Musi skończyć się super

Rozmawiam z dwoma generacjami polskich bramkarzy w piłce ręcznej. Jaką rolę odgrywa doświadczenie u sportowca, a konkretnie u bramkarza w piłce ręcznej?

Piotr Wyszomirski: W piłce ręcznej, jak w każdym sporcie, doświadczenie jest bardzo ważne. Mówi się, że bramkarz jest jak wino – im starszy, tym lepszy. Im więcej rozegranych meczów, tym bramkarz jest bardziej cwany, wie, jak się ustawić.

Sławomir Szmial: Z Piotrkiem trenujemy w podobny sposób – mamy zresztą tego samego trenera, który mnie trenował w swoim czasie. Będąc młodym zawodnikiem, trenowałem ciężko. Patrząc na starszych bramkarzy, widziałem, że oni tak niewiele w bramce robią, a bronią. Jak to jest możliwe? Teraz wszedłem w ten wiek. I może nie mam już tej szybkości, jak kiedyś miałem, widzę jednak jak olbrzymią rolę odgrywa doświadczenie.

W których momentach sztuki bramkarskiej doświadczenie odgrywa największą rolę? Kiedy ustawienie wynikające właśnie z doświadczenia jest ważniejsze niż szybkość?

SS: Wiele zależy od ustawienia, od przygotowania się do strzału konkretnego zawodnika. Doświadczenie daje spokój. Rozegrało się wiele meczów – były przegrane i wygrane, ale scenariusze są w miarę podobne. Kiedy się po raz kolejny gra się z jakąś drużyną, to już się wie, że takie zagrania były...

Ale czy w bramce jest czas na szczegółową analizę?

SS: Jeśli jest zachowana zimna głowa, to tak. Przygotowujemy się do meczów, oglądając zapisy wideo z meczów przeciwnika. Ja oglądam czasami trzy, cztery takie mecze i przygotowuję się na każdego zawodnika z osobna. Na przykład skrzydłowy normalnie rzuca z danej pozycji, ale w momentach stresowych, kiedy jest na przykład wynik remisowy, rzuca w to jedno ulubione miejsce. My też się na to nastawiamy. Ja czasami myślę: oni także oglądają nas na wideo i może też coś zmieniają? I to jest taka trochę ruletka, ale z reguły jednak statystyki odgrywają dużą rolę.
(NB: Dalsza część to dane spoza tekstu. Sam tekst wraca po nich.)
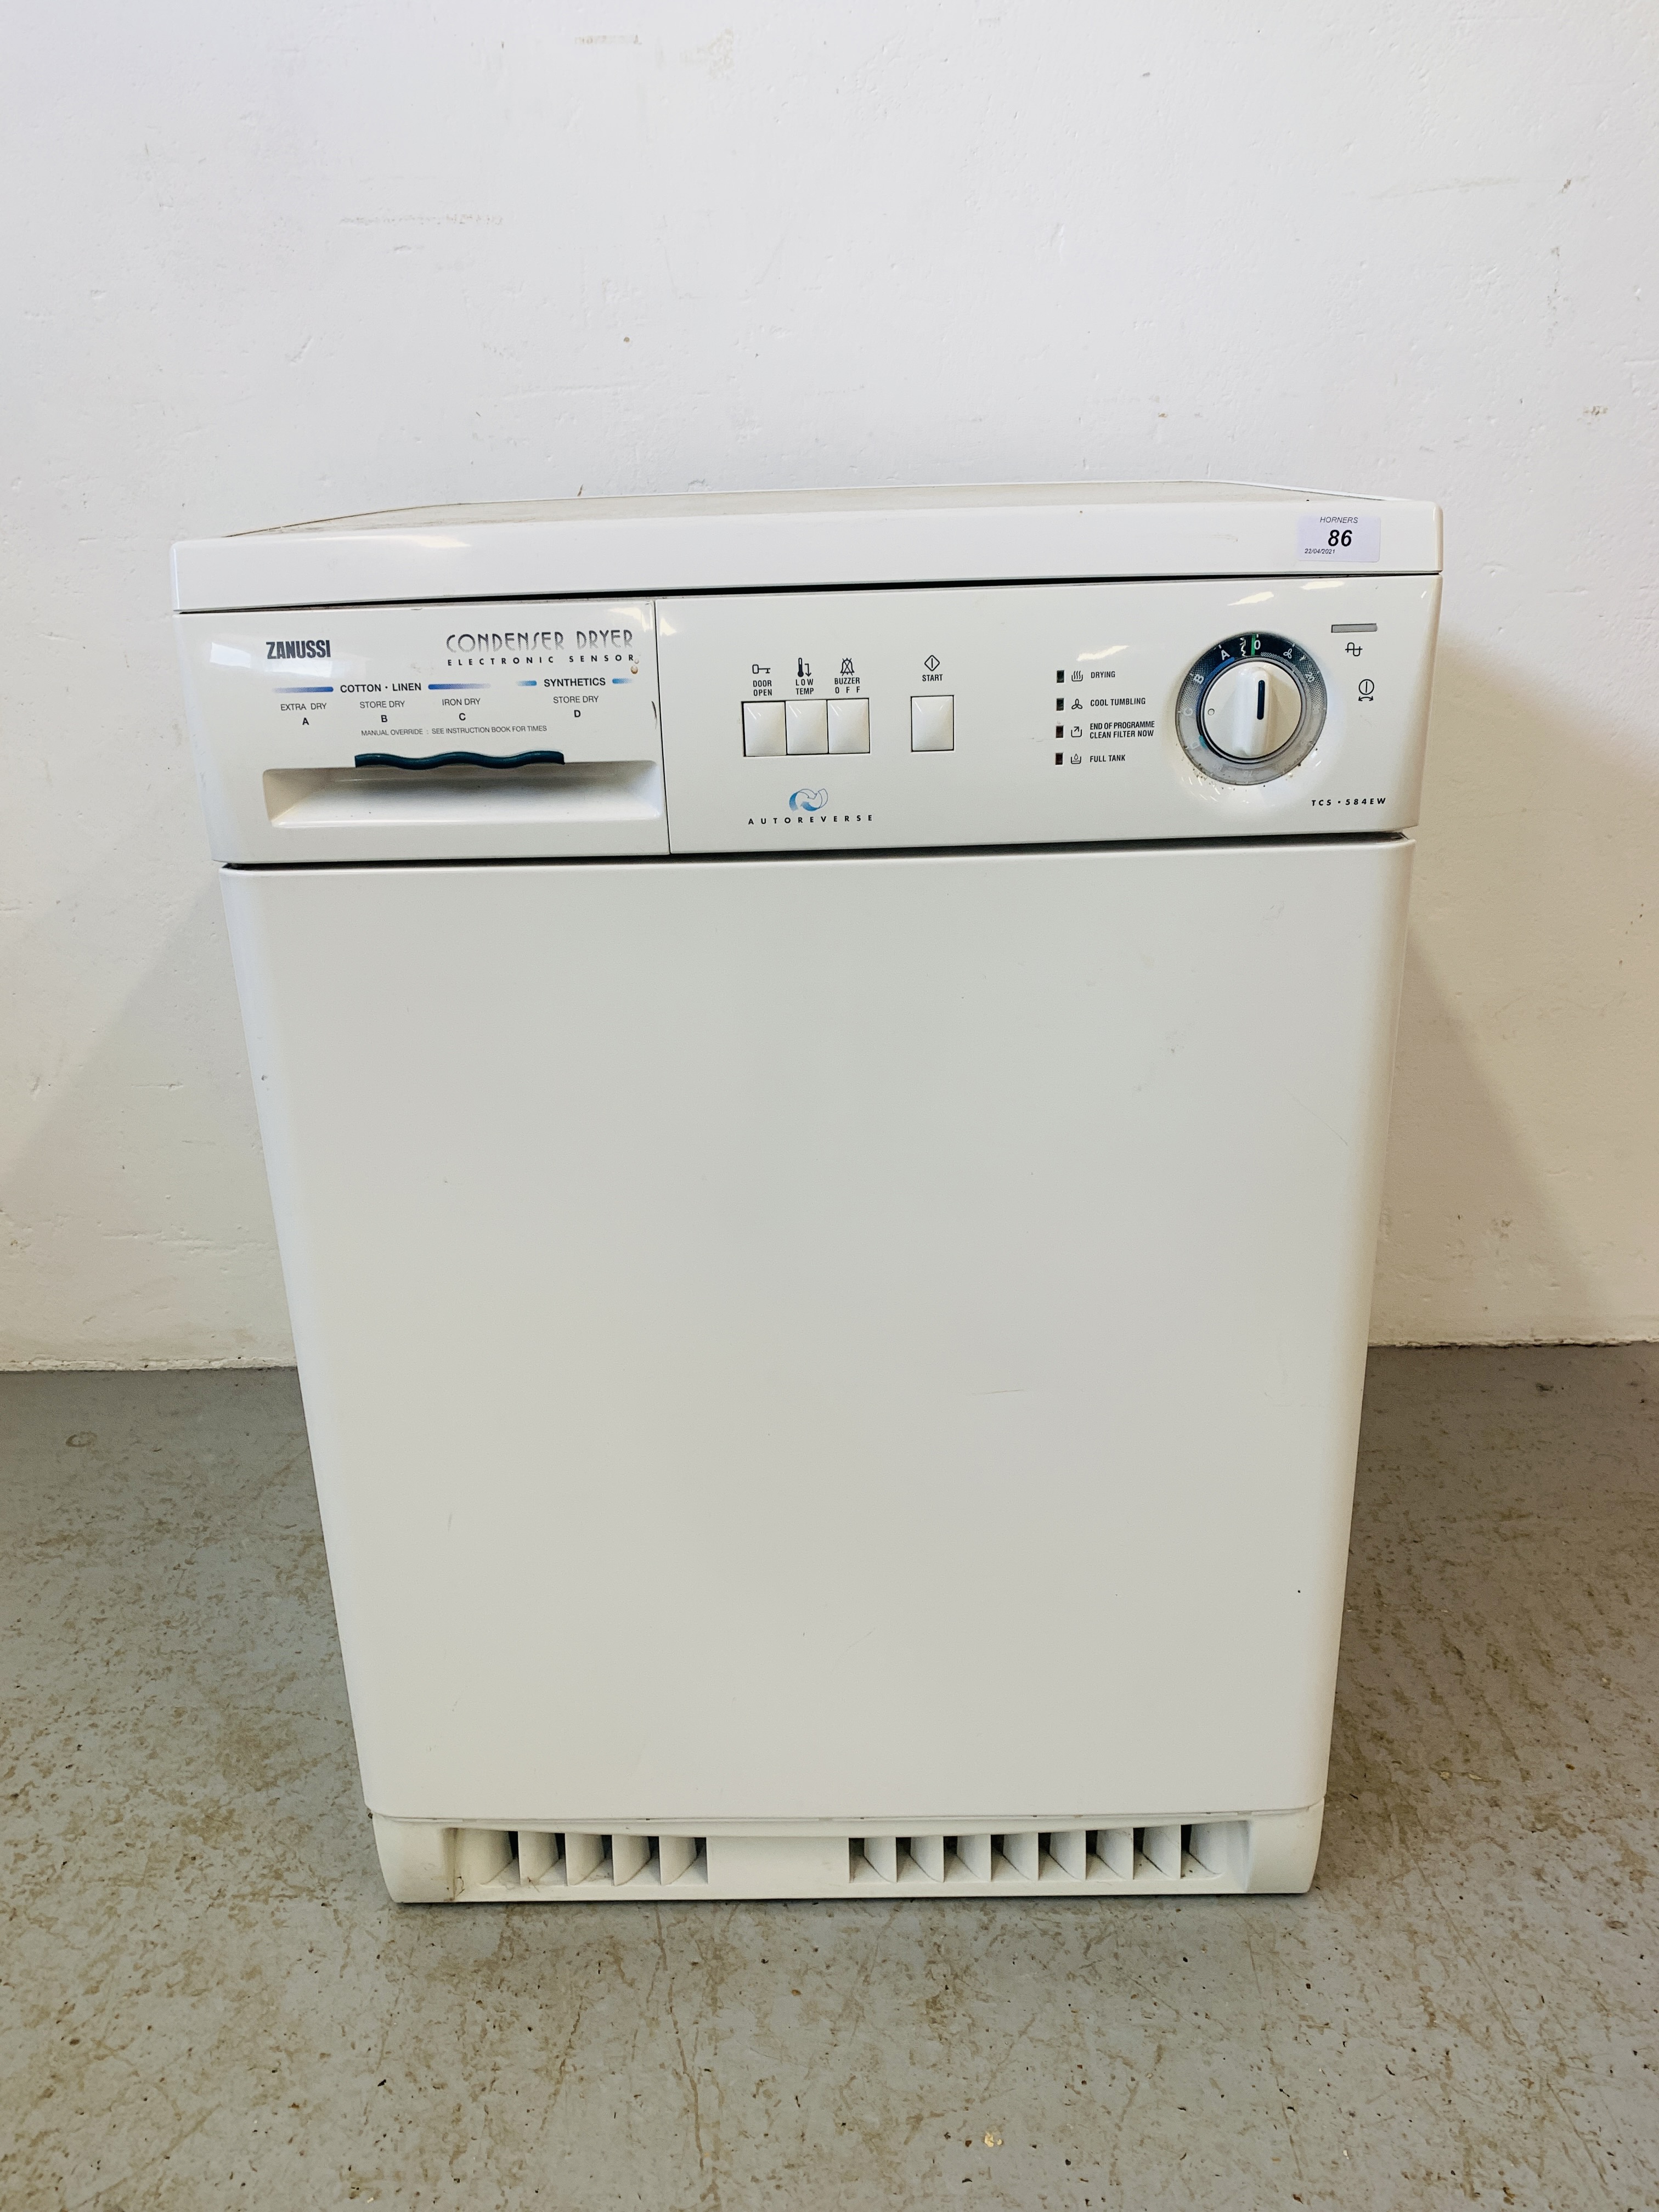 A ZANUSSI CONDENSER TUMBLE DRYER - SOLD AS SEEN

Zanim doświadczenie zacznie przynosić korzyści, wcześniej musi być wysiłek...

SS: Praca jest podstawą. Jako nastolatek, młodzieżowiec trenowałem dosyć ciężko. Teraz, tak mi się wydaje, zbieram tego owoce. Prawdopodobnie gdybym trenował słabo, to nie byłbym tak wygimnastykowany, miałbym jakieś braki techniczne. Teraz już być może nie mam takiej sprawności, jaką miałem jako dwudziestopięciolatek, ale jest ona w jakimś stopniu utrzymywana, bo cały czas trenuję, cały czas próbuję dawać z siebie wszystko.

Od kiedy zaczęliście myśleć na poważnie o sporcie i byciu bramkarzem w piłce ręcznej?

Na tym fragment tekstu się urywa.